Kesetaraan gender merupakan isu penting yang mendasari perkembangan masyarakat, khususnya di era modern, baik dalam membangun kultur sosial, politik, maupun ekonomi. Dalam konteks politik, umumnya kesetaraan gender berkutat pada arti hak serta kesempatan yang sama bagi semua individu, laki-laki maupun perempuan.
Indonesia berhasil menempati posisi ke-7 di Asia Tenggara sebagai negara yang memiliki keterwakilan perempuan di parlemen. Setiap bagian masyarakat, tak memandangan jenis kelamin, berhak berpartisipasi dalam memberikan argumen hingga pengambilan keputusan politik. Meskipun sekarang terdapati banyak kemajuan dalam kesetaraan gender tapi pembenahan dalam lingkup politik belum kunjung terangkat.
Ruang politik perlu adanya kesetaraan demi memastikan representasi yang lebih inklusif . Pada umumnya, yang memegang kendali hukum ialah kaum laki-laki. Padahal adanya keterlibatan perempuan akan memunculkan banyak perpektif dan pengalaman berbeda. Walhasil pengambilan keputusan dapat berlaky dengan baik, adil, dan tepat sasaran secara menyeluruh. Hal ini tentunya sangat relevan dalam merumuskan kebijakan pemerintahan yang berdampak pada berbagai aspek; pendidikan, kesehatan, dan sosial.
Pengaruh Dominasi
Tantangan utama yang menjadi hambatan ialah stereotipe gender tentang perempuan. Hal itu masih kuat bahkan membudaya di dalam berbagai ragam kebudayaan masyarakat kita. Perempuan masih teranggap kurang cocok, apalagi mampu, memimpin dan memegang tanggung jawab menyangkut banyak pihak.
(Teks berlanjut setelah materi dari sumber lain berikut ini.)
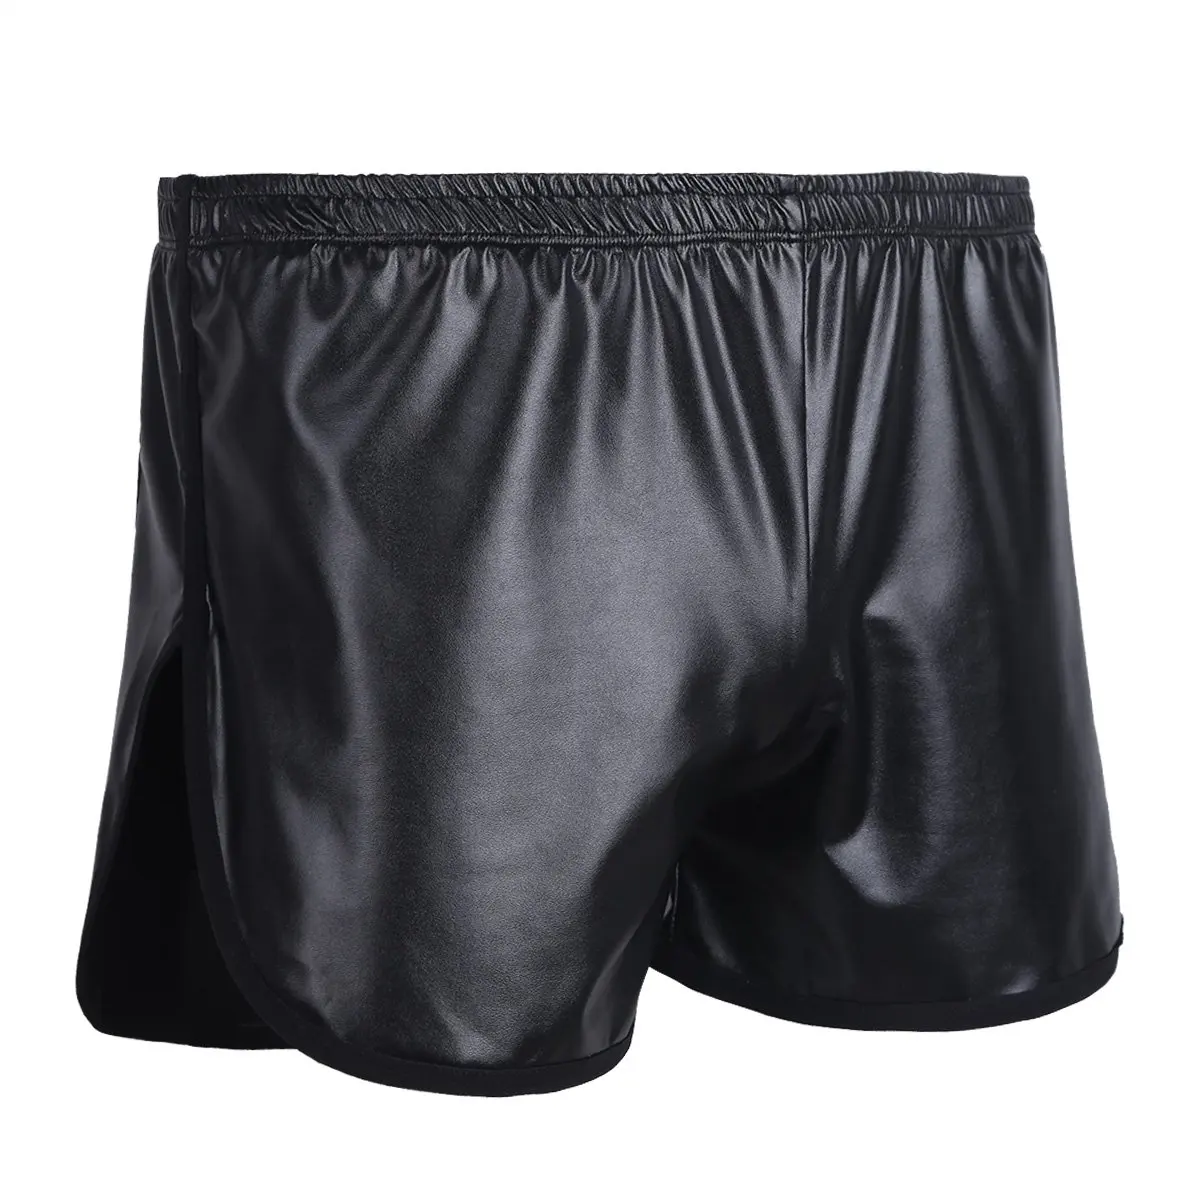 Faux Leather Boxer Trunk WetLook Lounge Sports Short Pants boxers short Casual Shorts Men best men's casual shorts Casual Shorts

Diskriminasi masih sering kali menghalangi perempuan untuk dapat mencalonkan diri ikut andil dan berpartisipasi dalam proses politik.
Untuk mencapai kesetaraan perlu upaya sistematis dan terkoordinasi. Dengan itu, berpotensi meningkatkan kesadaran berbagai pihak bahwa perempuan bukan kaum yang lemah. Bahkan, bilamana mendapat kesempatan, turut terlibat dalam hal menyangkut kepentingan banyak orang.
Pemerintah telah mencanangkan Undang-Undang Nomor 2 Tahun 2008 tentang Partai Politik mengatur syarat pendirian paspol di Pasal 2 menyatakan setidaknya menyertakan 30% keterwakilan perempuan. Namun kenyataannya tingkat keterwakilan perempuan dalam parlemen masih di bawah 30%. Perlu ada kesadaran bahwa memilih pemimpin atau wakil rakyat harus berdasar kualitasnya, bukan jenis kelaminnya. Artinya perempuan pun bisa bertanggung jawab dan sanggung menduduki jabatan-jabatan terdominasi laki-laki tersebut.
Dengan demikian, kesetaraan gender dalam bidang politik bukan hanya masalah keadilan tetapi juga kebutuhan untuk menciptakan masyarakat yang lebih inklusif dan berkelanjutan. Dengan melibatkan perempuan dalam pengambilan keputusan politik, kita dapat memastikan bahwa kebijakan yang terumuskan mencerminkan kebutuhan dan aspirasi semua anggota masyarakat. Meskipun masih banyak tantangan yang harus terhadapi melalui pendidikan, kebijakan yang mendukung, dan partisipasi aktif dari semua pihak, kesetaraan gender dalam politik dapat menjadi kenyataan.